With contributions from Neil Christensen, Olaf Ernst, Ph.D., Elaine Lambert, Alexandra Brown, Pablo Markin, Ph.D., Wilson de Souza, and Max Mosterd

Column Editor:  Dr. Sven Fund  (Managing Director, Fullstopp GmbH, Berlin, Germany;  Phone: +49 (0) 172 511 4899)   www.fullstopp.com

Against the Grain V35#2

The year was 2013.  Frances Pinter, the former CEO of Manchester Press, and Lucy Montgomery, a professor at Curtin University, collaborated with 13 academic publishers to launch a global library crowdfunding campaign aimed at making a collection of scholarly monographs Open Access (OA) upon publication.  The campaign sought to cover the cost of publishing 28 monographs in the Humanities and Social Sciences (HSS) without financial burdens to authors or readers.  Initially, the pilot required 200 libraries to participate in crowdfunding, but nearly 300 libraries from various parts of the world supported the initiative, making it a success.

Thus began the story of Knowledge Unlatched (KU), a proof-of-concept experiment aimed at addressing a well-known challenge in OA publishing — finding equitable, sustainable ways to publish OA scholarly publications without requiring fees from authors or readers.  Fast forward to 2023, and KU’s efforts now include hundreds of publishers and institutions from around the globe, who join forces to “unlatch” hundreds of books each year.  These efforts have enabled us to make scholarly titles open and available beyond the confines of institution walls, ensuring that the benefits of OA are widespread and universal.

From a small-scale pilot project, KU has evolved into a global initiative transforming the landscape of OA publishing.  In many ways, the endurance of our OA efforts underscores the power of experimentation and collaboration to drive positive change in scholarly communications.  As we head into our tenth pledging cycle this spring and celebrate a decade of library crowdfunding campaigns, it’s the right time to reflect on the impact of our efforts to date.  And with Diamond Open Access (DOA) recently drawing increasing attention in academic circles, KU’s contributions to the sustainability of DOA are particularly worth noting. 
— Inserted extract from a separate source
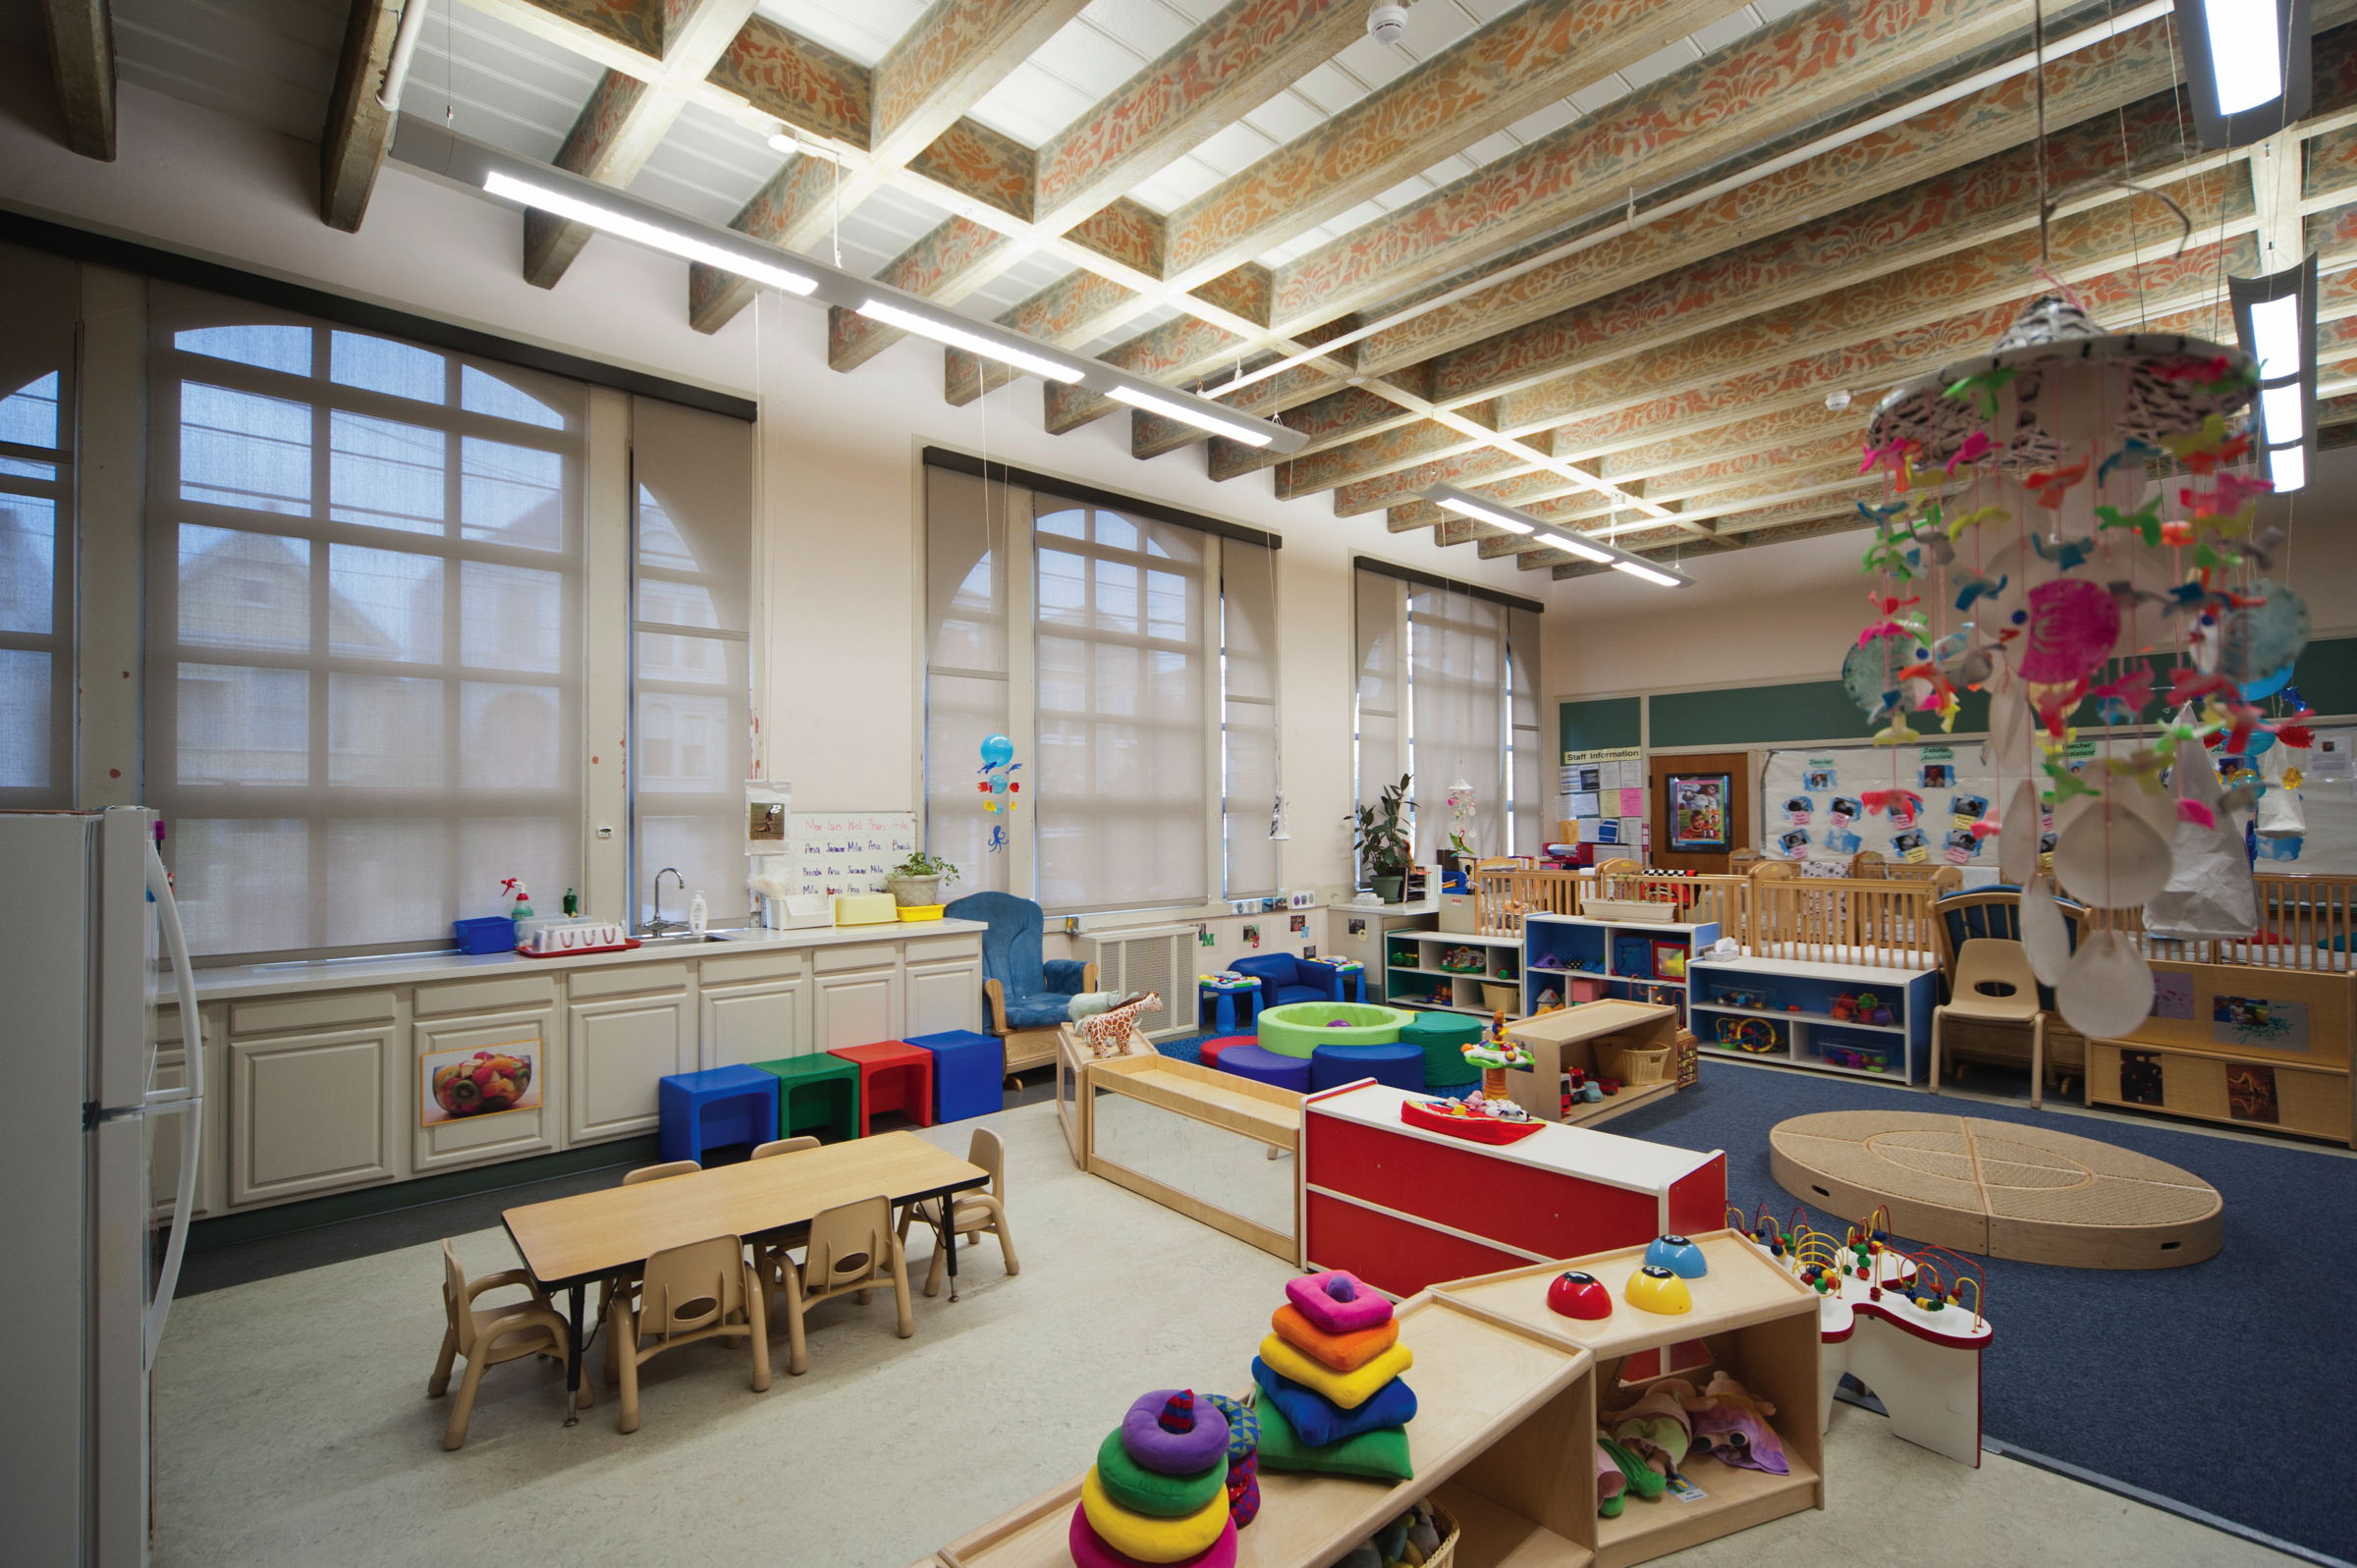 Preschool childcare area

Over the years, our willingness to test different approaches and business models to eliminate Book Processing Charges (BPCs) for authors — the key distinction of DOA — has resulted in the unlatching of over 4,000 peer-reviewed books across a wide range of HSS disciplines.  Moreover, our community-driven efforts have created a network that serves diverse academic needs and reinforces OA as a global phenomenon that benefits many stakeholders, including authors, researchers, institutions, libraries, and publishers.

Insisting On Equity

Widely considered a more equitable form of Gold OA, DOA relies on funding from institutions to cover the entire publishing process, ensuring that researchers can share their work without paying fees to publishers.  Although DOA encompasses a range of OA publications and infrastructures, it has gained the most attention and traction on the journal side of publishing, where it is positioned as a viable alternative to the Gold OA model reliant on Article Processing Charges (APCs).  Current estimates1 suggest that up to 29,000 academic journals use DOA as a publishing model, a third of which are registered in the Directory of Open Access Journals (DOAJ).  Studies also point to the diversity of the DOA landscape, which spans countries, continents, disciplines, and languages.  Given their increasing popularity in Latin America, Asia, and Eastern Europe — considered emerging OA publishing markets where researchers do not have the same access to closed scholarly content as those in more affluent countries and where authors cannot afford the steep cost of APCs — DOA journals are much more multilingual than APC-based journals (38% compared to 14%).2

In response to last year’s Office of Science and Technology Policy memo3 urging US institutions to make federally funded research publications publicly accessible without embargo, 13 Ivy Plus libraries wrote a letter4 emphasizing the global equity issue with the APC model for journals.  The letter cited “convoluted and demeaning APC waiver procedures” that may result in unaffordable fees for authors and researchers in lower-income countries.  According to the letter, equitable opportunity for global scholars to contribute to academic literature is “as important for the integrity and usefulness of scholarship globally as is the open accessibility to read.”  Across the Atlantic, in their open letter5 to UK library directors, a group of UK researchers also advocated for equitable OA publishing, highlighting DOA and Subscribe-to-Open (S20) as new approaches that do not exclude authors in the Global South.  These recent efforts point to the recognition of DOA in the scholarly community as a sustainable solution to the lingering issue of inequity.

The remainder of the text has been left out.